The pictures stay out; all of the data is to be printed exactly.

**Available data**:
::::::
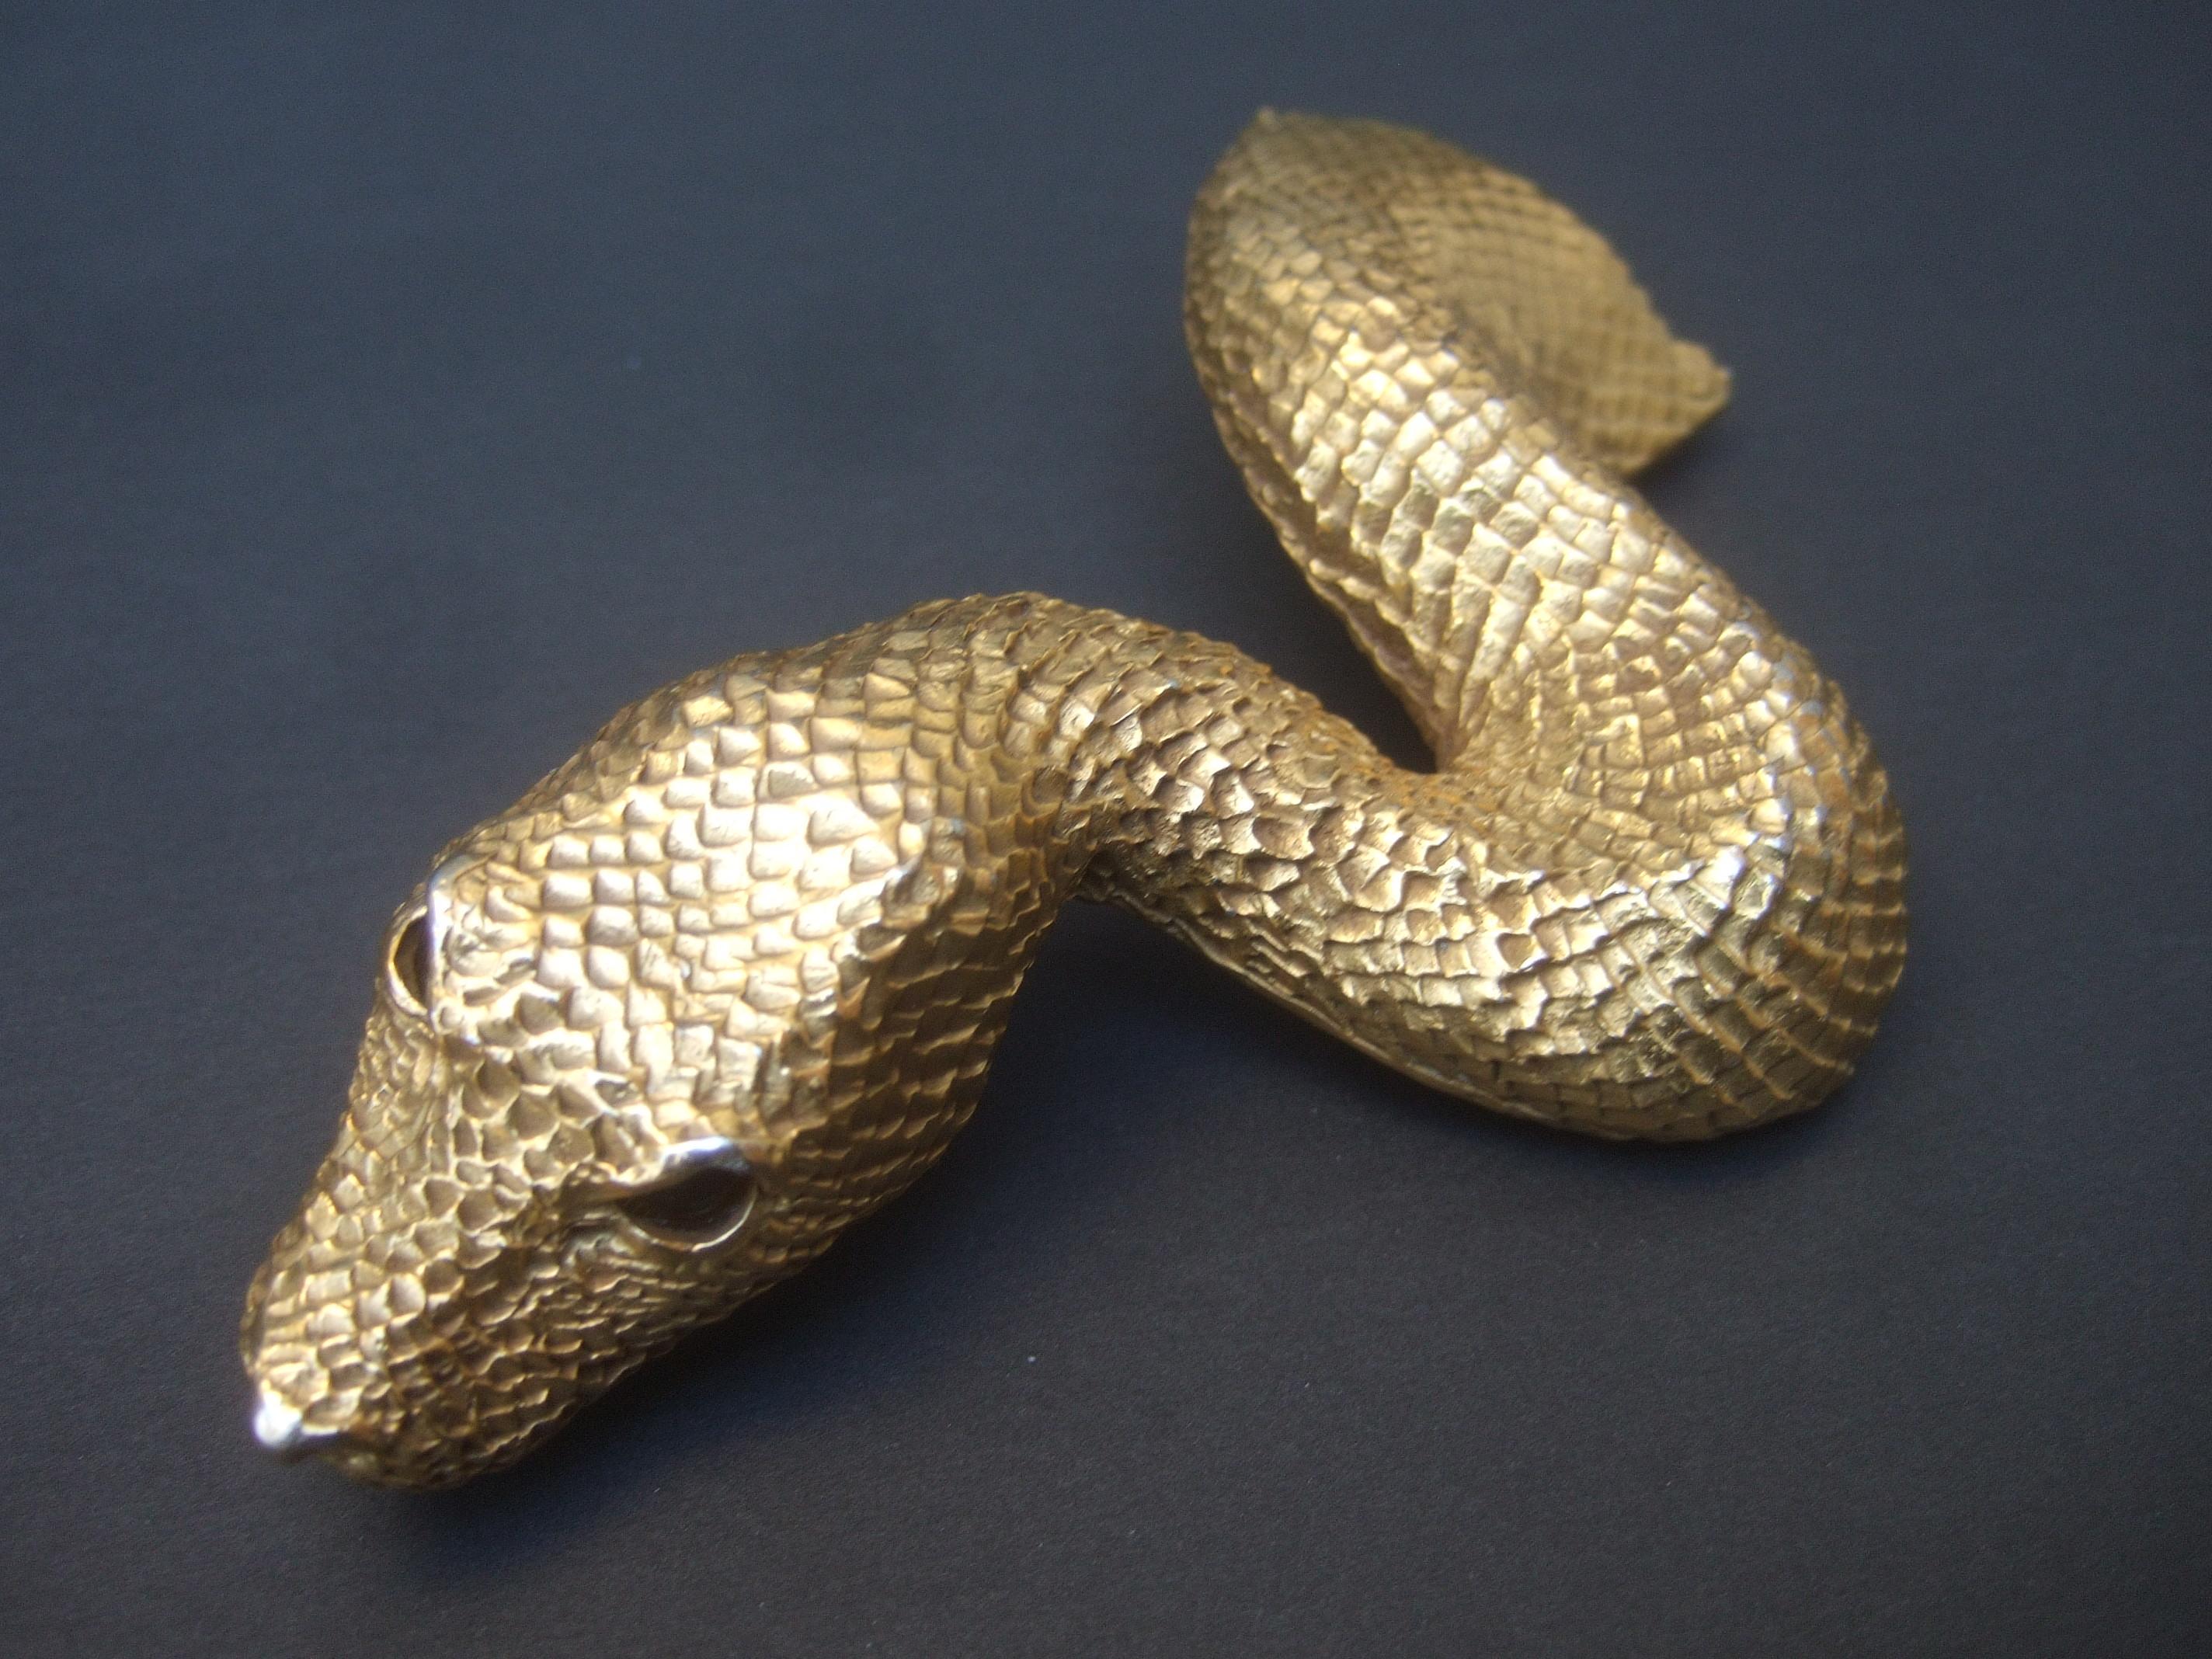 Christopher Ross 24k Gold Plated Serpent Belt Buckle circa 1980 3
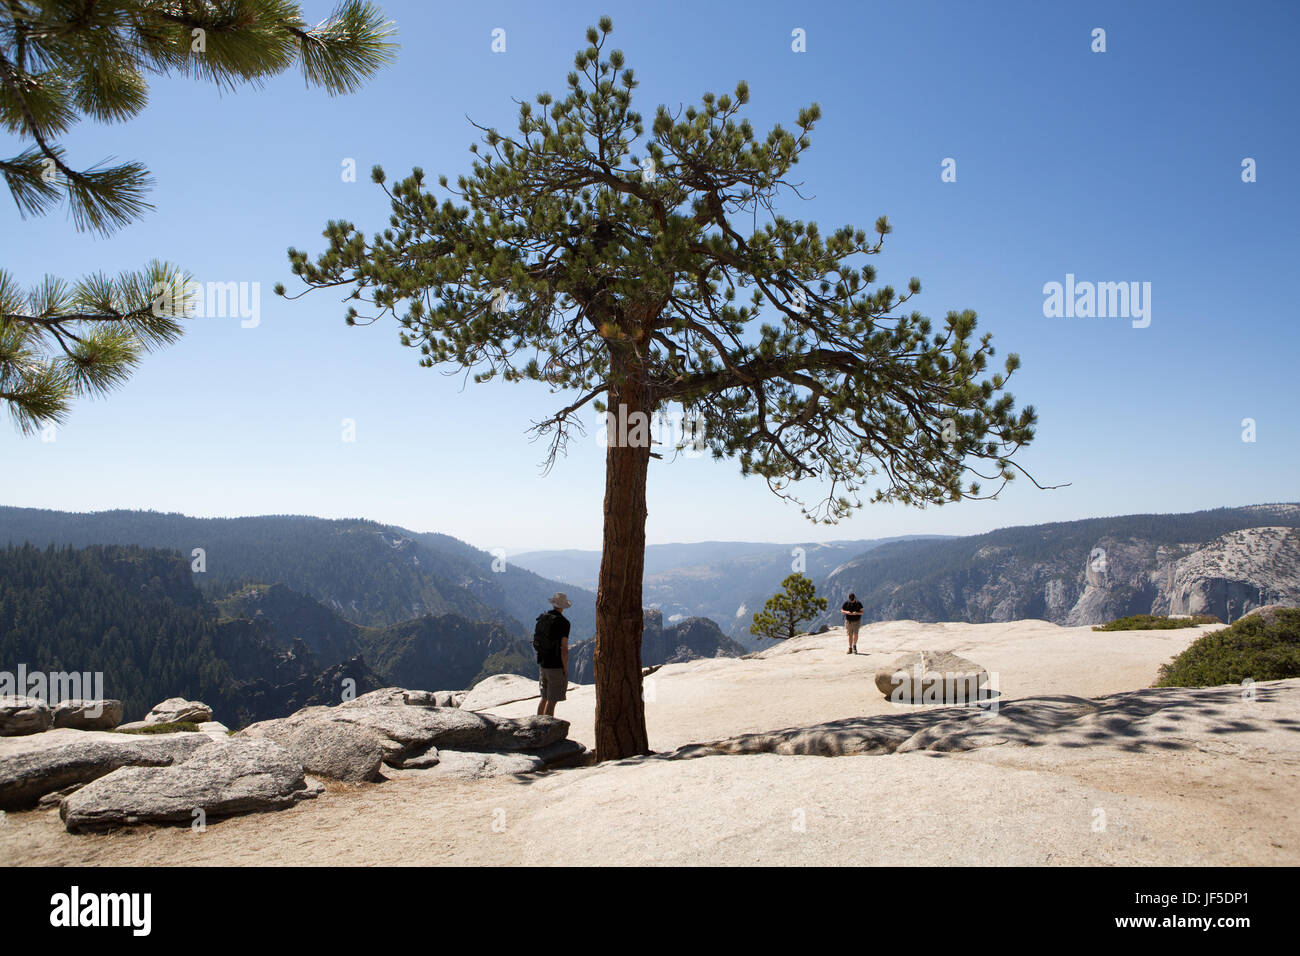 Varios excursionistas stand en Taft punto pico, un sendero de trekking que ofrece vistas al valle de Yosemite. Foto de stock
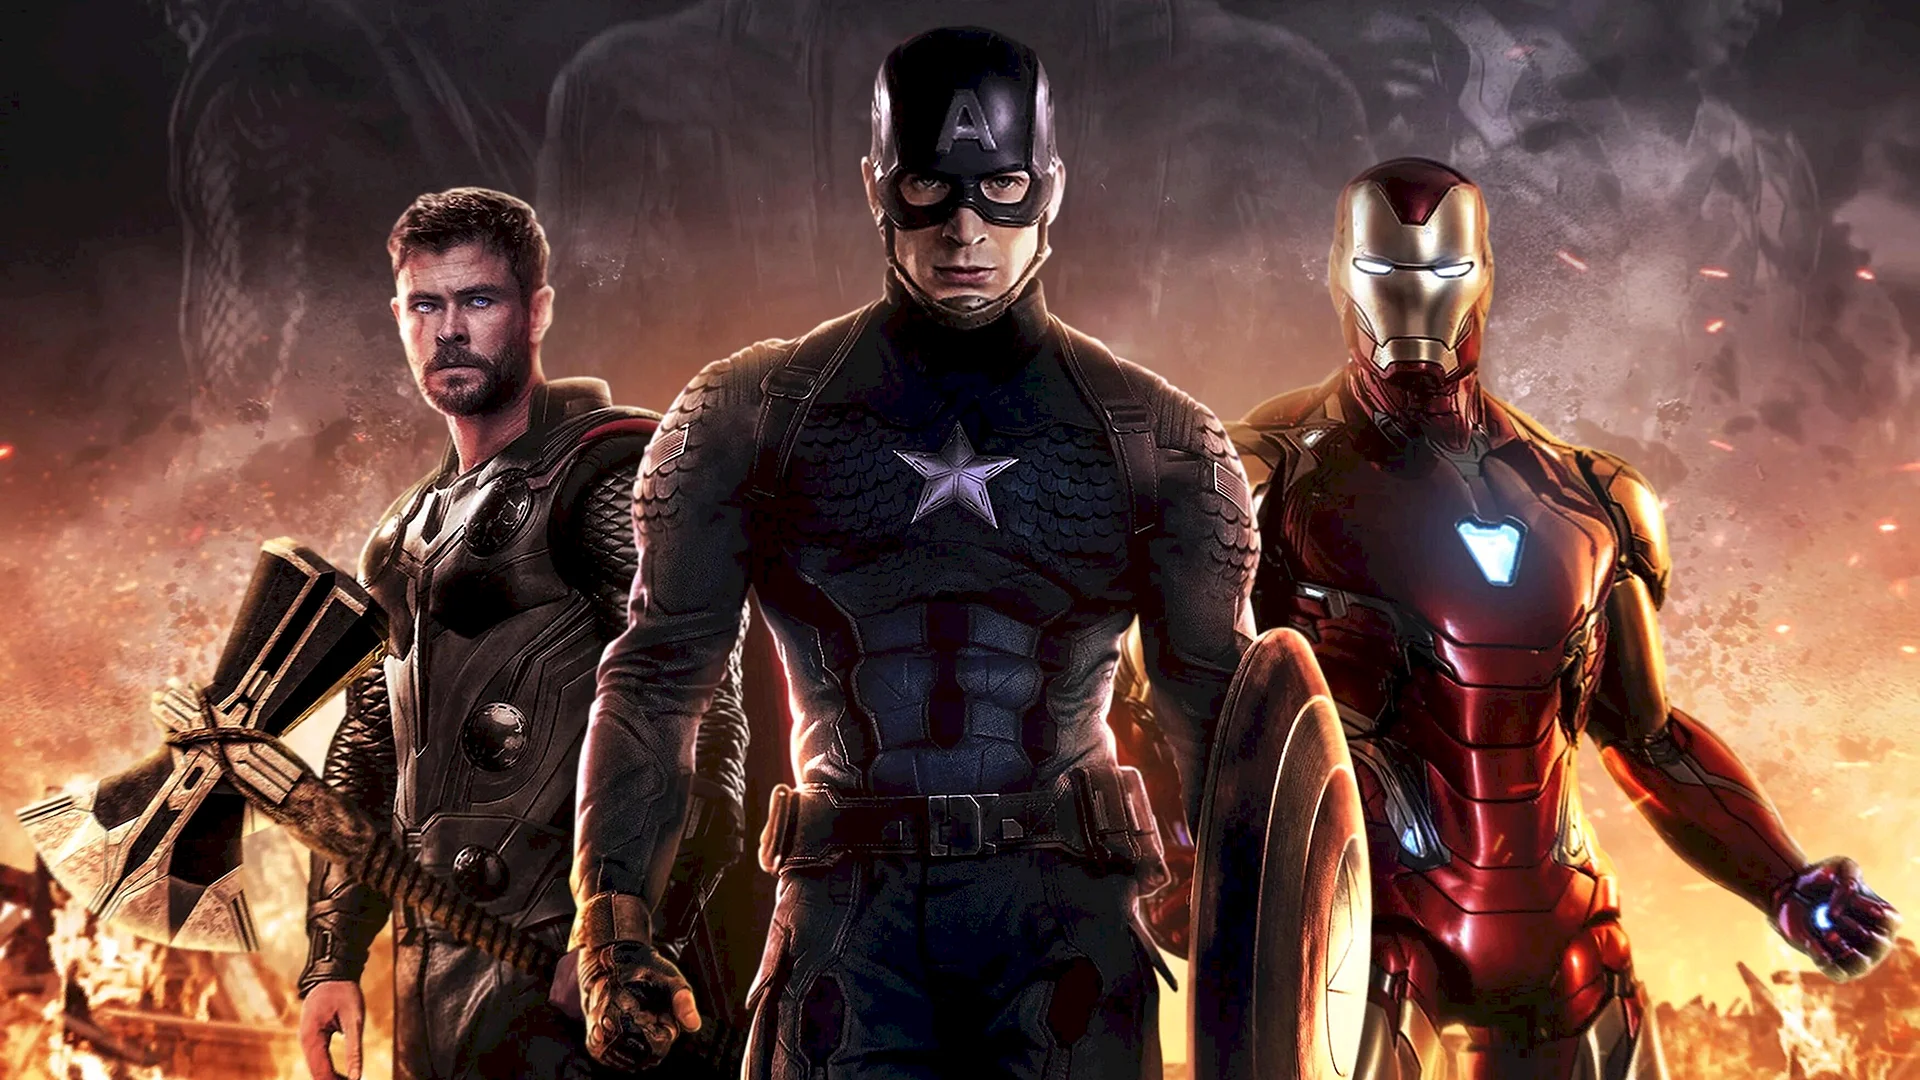 Avengers Endgame Captain America Wallpaper
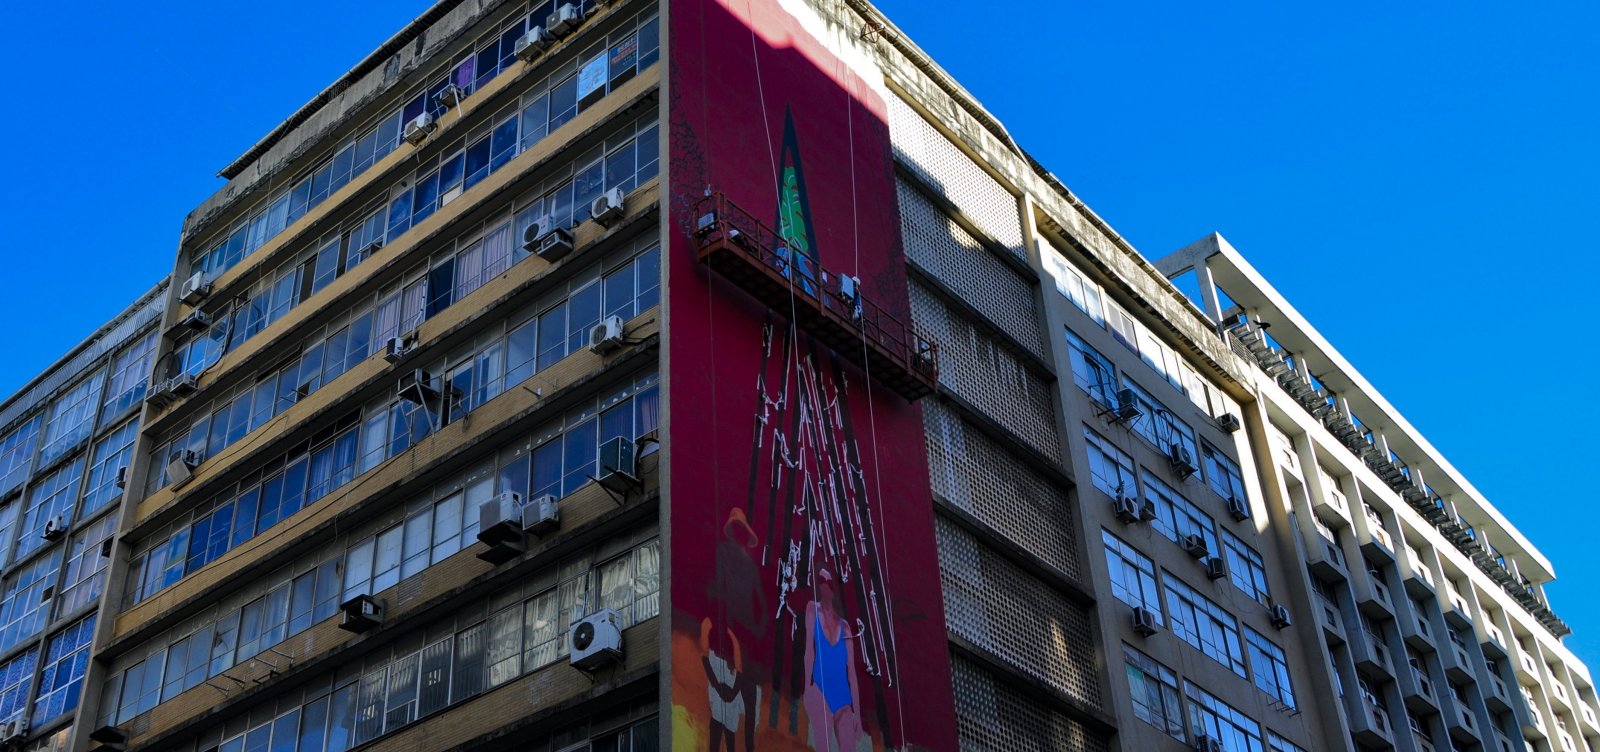 "Tenho vertigem de altura", diz artista que pintou mural de 26 metros no Comércio
::::::
**Written response**:
 Christopher Ross 24k Gold Plated Serpent Belt Buckle circa 1980 3
 Varios excursionistas stand en Taft punto pico, un sendero de trekking que ofrece vistas al valle de Yosemite. Foto de stock
 Avengers Endgame Captain America Wallpaper
 "Tenho vertigem de altura", diz artista que pintou mural de 26 metros no Comércio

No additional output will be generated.